TROIS ROSES ET UN COGNAC

Rosanne Mathot Journaliste

Où il est question d’hésitations, de compromis à la belge, d’uniformes policiers trop petits, du jaune, de l’orange et de l’amour.

C’était une histoire de prostate. Ou de ganglions. Non. Une affaire de testicules. Allez savoir. Quoi qu’il en soit, c’était clairement un truc gênant. Il suffisait de regarder le policier se contorsionner sur sa chaise, pour en avoir la certitude. Le type aux ganglions et aux testicules avait posé les pieds sur le barreau de la chaise devant lui, de sorte qu’en adoptant un certain angle, c’était un sacré panorama.

Au énième couinement plaintif du cuir sous les fesses policières, tout le café détourna le regard avec irritation. Les gens se mirent à faire hem hem, à tousser, à pouffer. On se dit que la patronne allait finir par l’envoyer se déculotter à la cave, ce policier au futal trop serré à l’entrejambe, trop long aux chevilles et peut-être même un peu trop large aux mollets. Mais non. Elle lui servit un cognac. Dans un élan martial, le gars avala son alcool en cascatelle, les moustaches au garde-à-vous. Il en réclama une bouteille de plus, puis, jetant un oeil indécis sur les trois roses rouges et les deux gilets fluo qu’il avait étalé sur la nappe, il sembla dubitatif, tout en tirant énergiquement sur son pantalon trop long, trop serré et trop large à la fois. Il prit les fleurs et enfila la veste jaune mais aussi l’orange, le temps que l’arrêté royal soit publié.  » Quels branquignols, ces politiciens hésitants « , se dit-il, goguenard, en montant dans sa voiture (1).

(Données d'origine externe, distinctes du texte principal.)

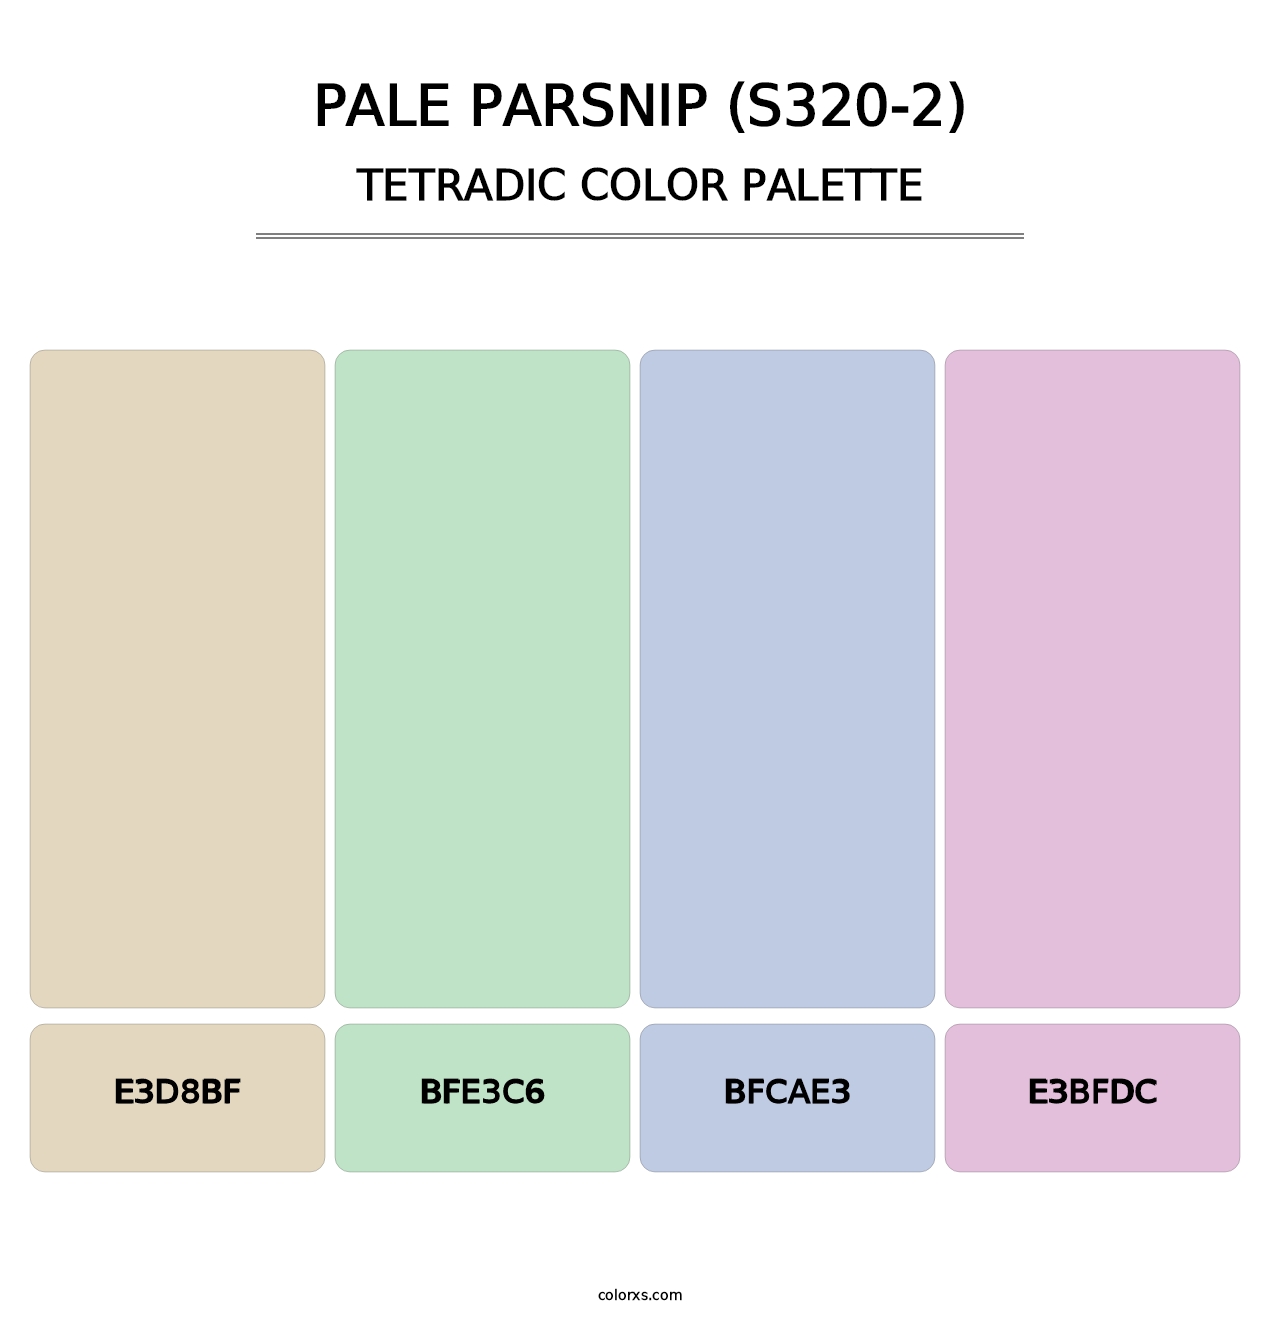 Pale Parsnip (S320-2) - Tetradic Color Palette

Vingt minutes plus tard, le commissaire reçut un texto sans équivoque :  » Je te veux. » Ça lui revitalisa la coucourde aussi sec, malgré l’engoncement de la chose dans son tissu hargneux. Il fit immédiatement route vers le sud. Vers la femme au souffle. Chaque courbe, chaque bifurcation, chaque virage le rapprochait d’elle.

Mais alors qu’il s’apprêtait à rejoindre joyeusement le ring, il reçut un autre sms, en provenance du nord, cette fois :  » Je t’attends, chou. » Ça se compliquait. Sous la pergola broussailleuse de ses sourcils froncés, il grimaça. Il fit un téméraire demi-tour sur la deux fois quatre bandes et s’orienta résolument plein nord. Au bout de 43 minutes, il se dit que, quand même, la sudiste avait une voix-souffle… irrésistible. Il repartit donc illico dans l’autre sens.

Durant les heures qui suivirent, ses déplacements de balancier le menèrent hors et dans Bruxelles, dans un incompréhensible va-et-vient qui effraya tout l’Horeca local. On le prit pour un inspecteur sanitaire particulièrement zélé. Après six heures d’oscillations passionnées, le commissaire se dit que ça devait finir.

Quelques mois plus tard, Jan Jambon lut dans le journal qu’on avait retrouvé, au fin fond de l’Alaska, au point le plus à l’ouest du monde, un policier flamand, hagard, avec trois roses fanées et une bouteille de cognac vide.  » Quel branquignol, ce flic hésitant !  » se moqua le ministre de l’Intérieur, en montant dans sa voiture. Il avait dans les yeux un brasier fluo, à moitié jaune, à moitié orange.

Mais c’est pas tout ça, l’heure tourne. Où est encore passé le serveur ? S’agirait pas de louper le film qui va démarrer à 20 h 15 sur la Une.

(1) Malgré un accord sur la veste orange fluo des policiers, le ministre Jan Jambon a, il y a plusieurs mois, rouvert le débat, disant préférer le jaune. Par ailleurs, au printemps dernier, certains policiers flamands se sont retrouvés avec des uniformes peu adéquats, en raison d’une rupture de stock, au niveau fédéral.